Dataset section section start
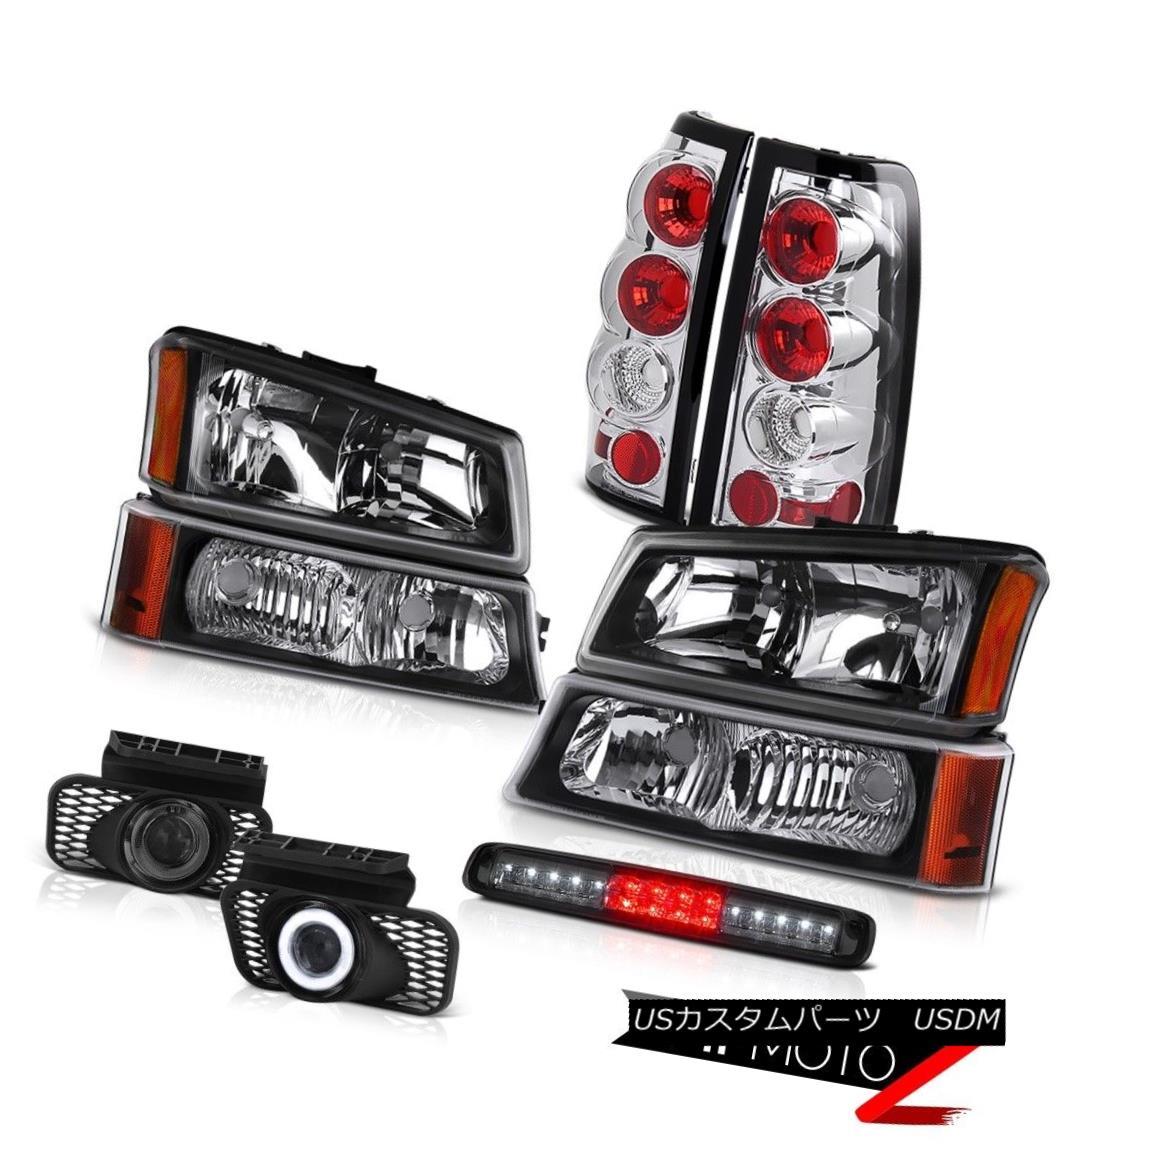 ヘッドライト 03-06 Silverado Parking Light Smoked Roof Brake Headlamps Foglights Taillights 03-06 Silveradoパーキングライトスモークルーフブレーキヘッドランプフォグライトテールライト
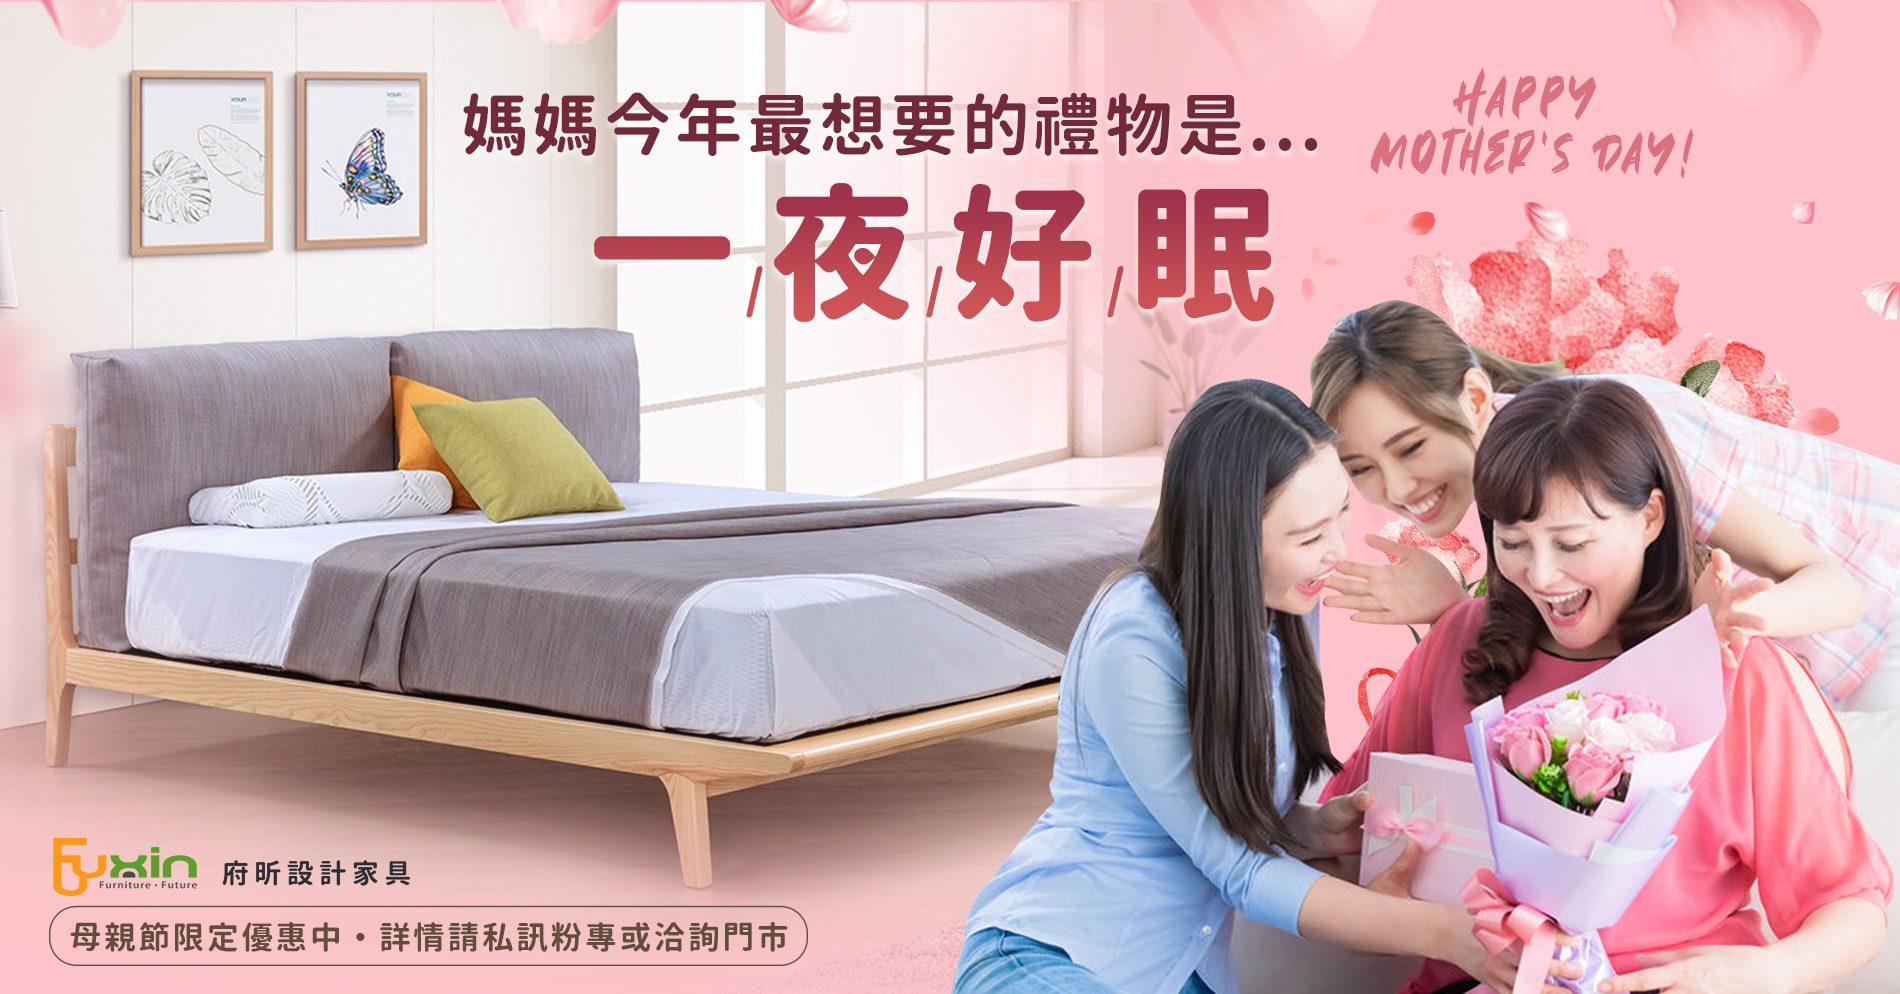 府昕母親節廣告_官網
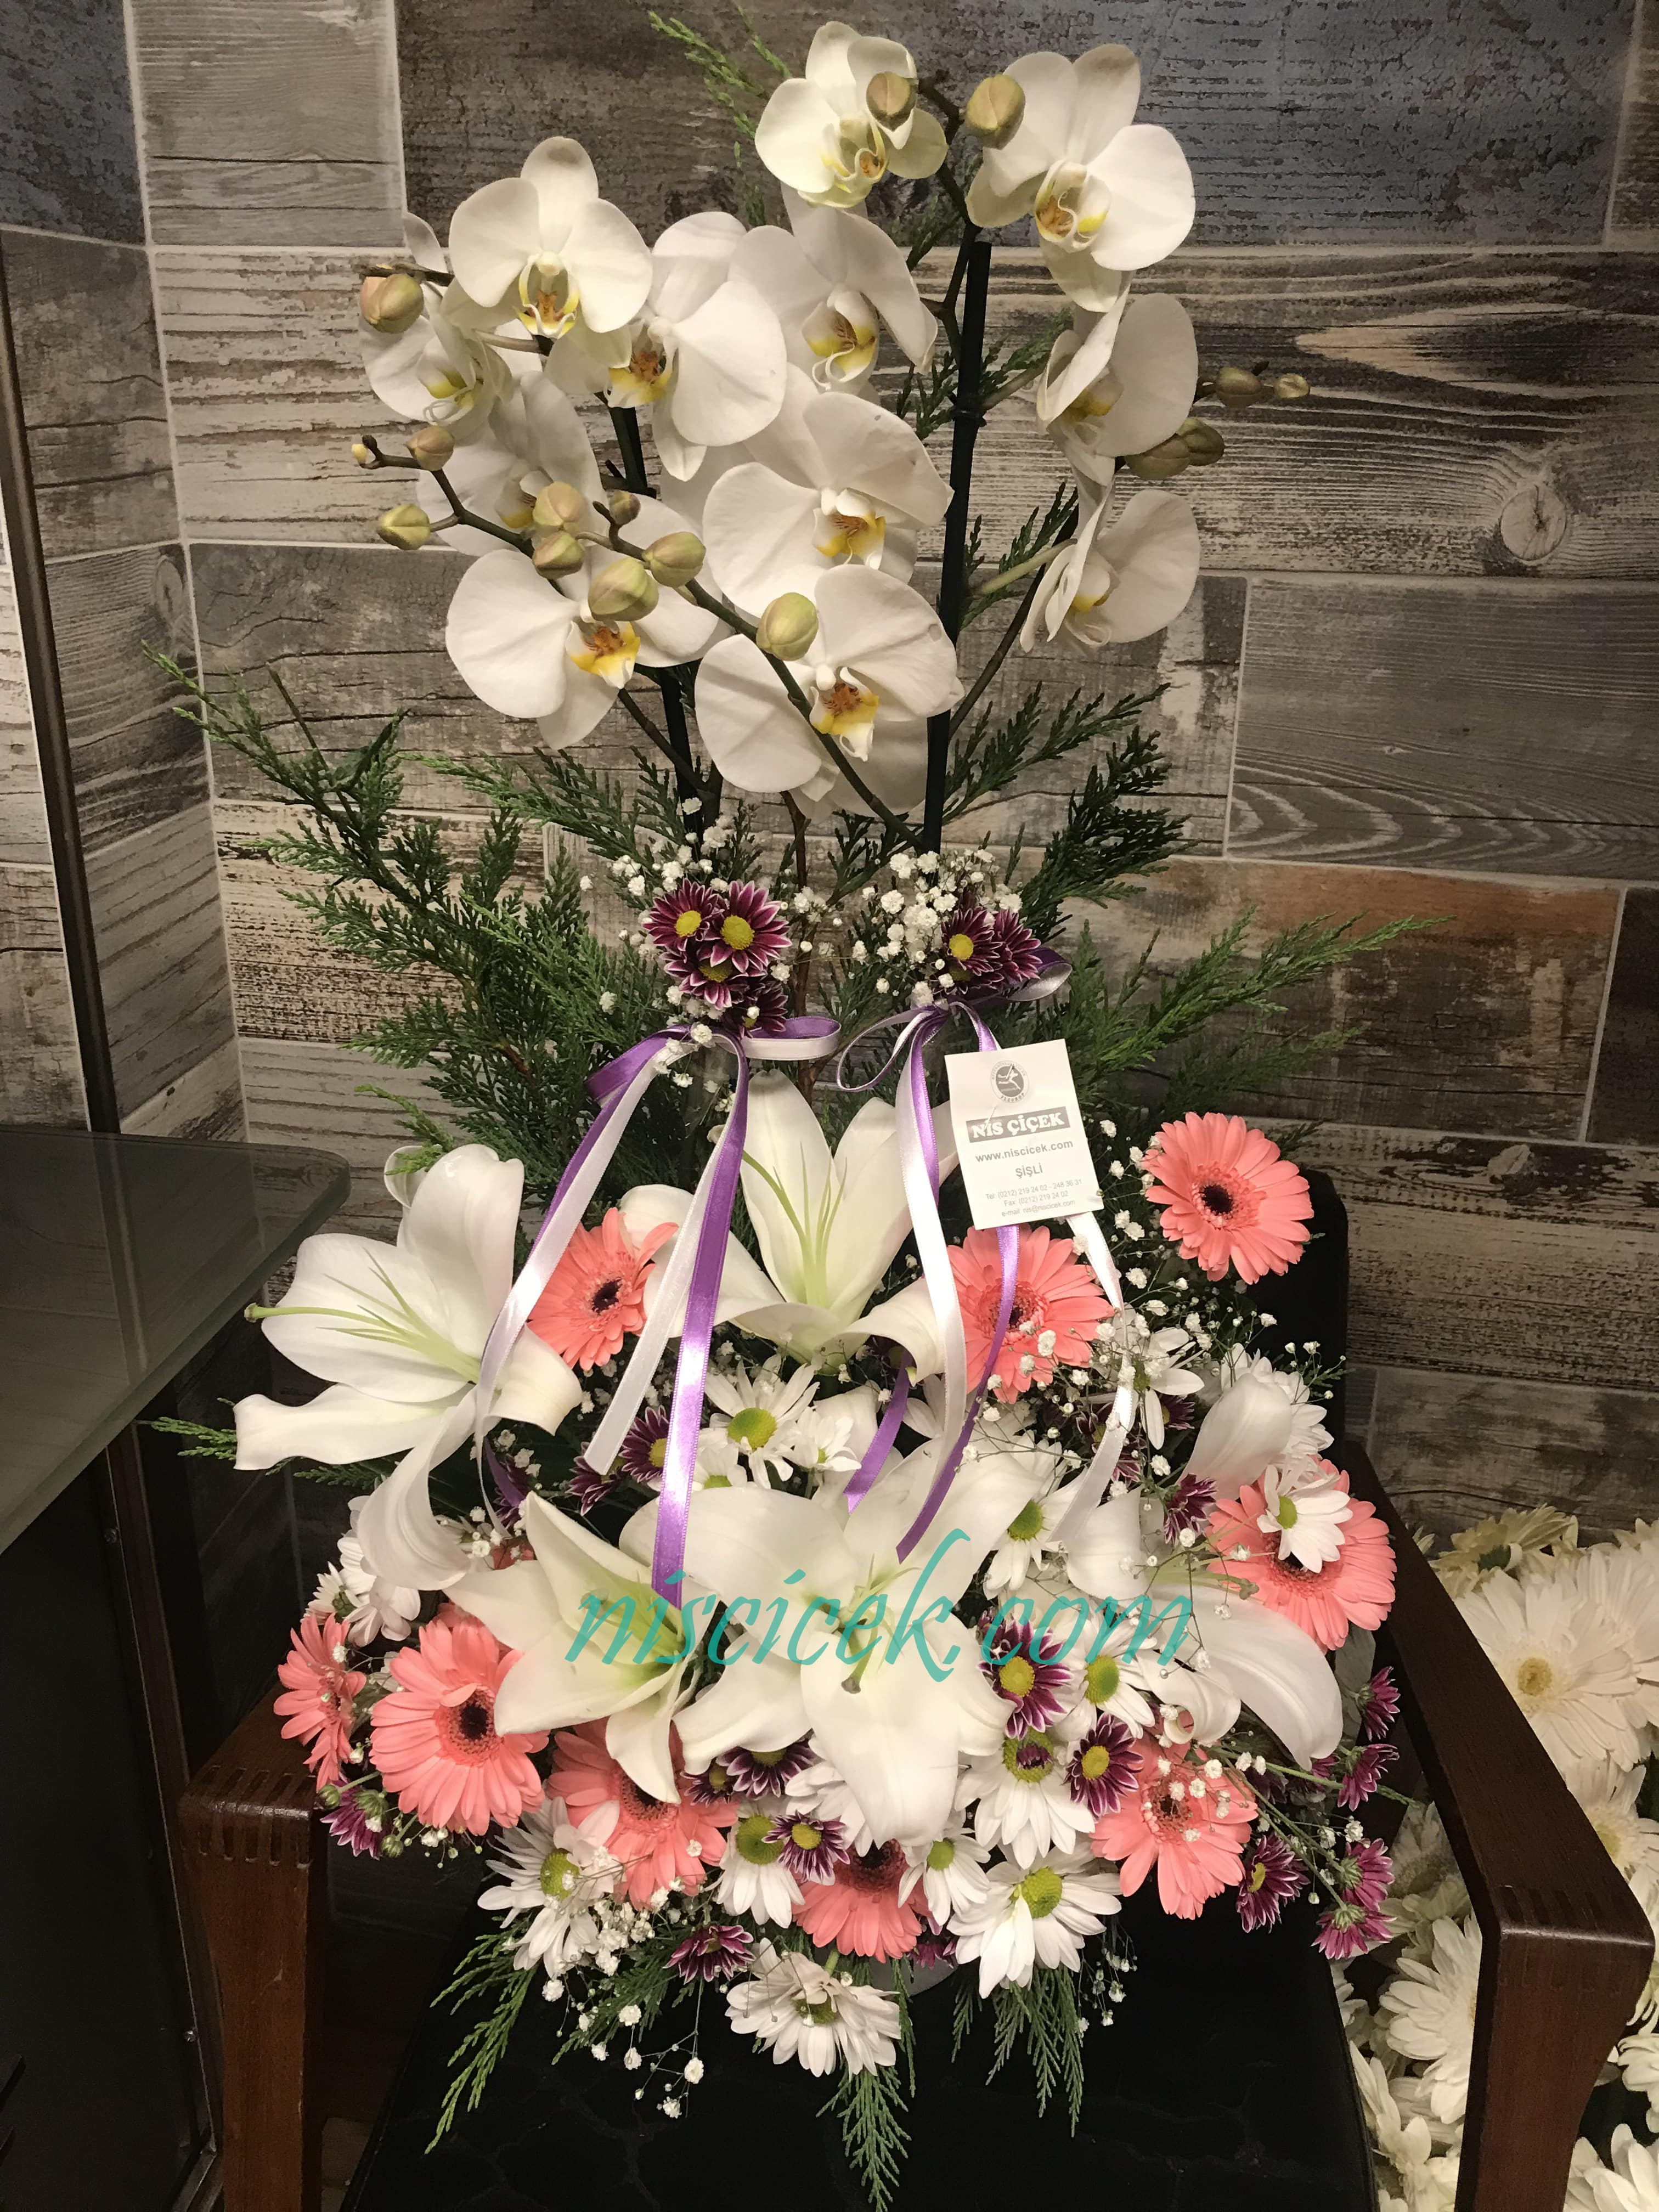 Seramik Saksıda 2 Köklü Beyaz Orkide Lilyumlu Pembe Beyaz Aranjman Tanzim - Ürün Kodu:731
Dataset section section end
Skipping the pictures, transcribe each line above exactly as it appears.

 ヘッドライト 03-06 Silverado Parking Light Smoked Roof Brake Headlamps Foglights Taillights 03-06 Silveradoパーキングライトスモークルーフブレーキヘッドランプフォグライトテールライト
 府昕母親節廣告_官網
 Seramik Saksıda 2 Köklü Beyaz Orkide Lilyumlu Pembe Beyaz Aranjman Tanzim - Ürün Kodu:731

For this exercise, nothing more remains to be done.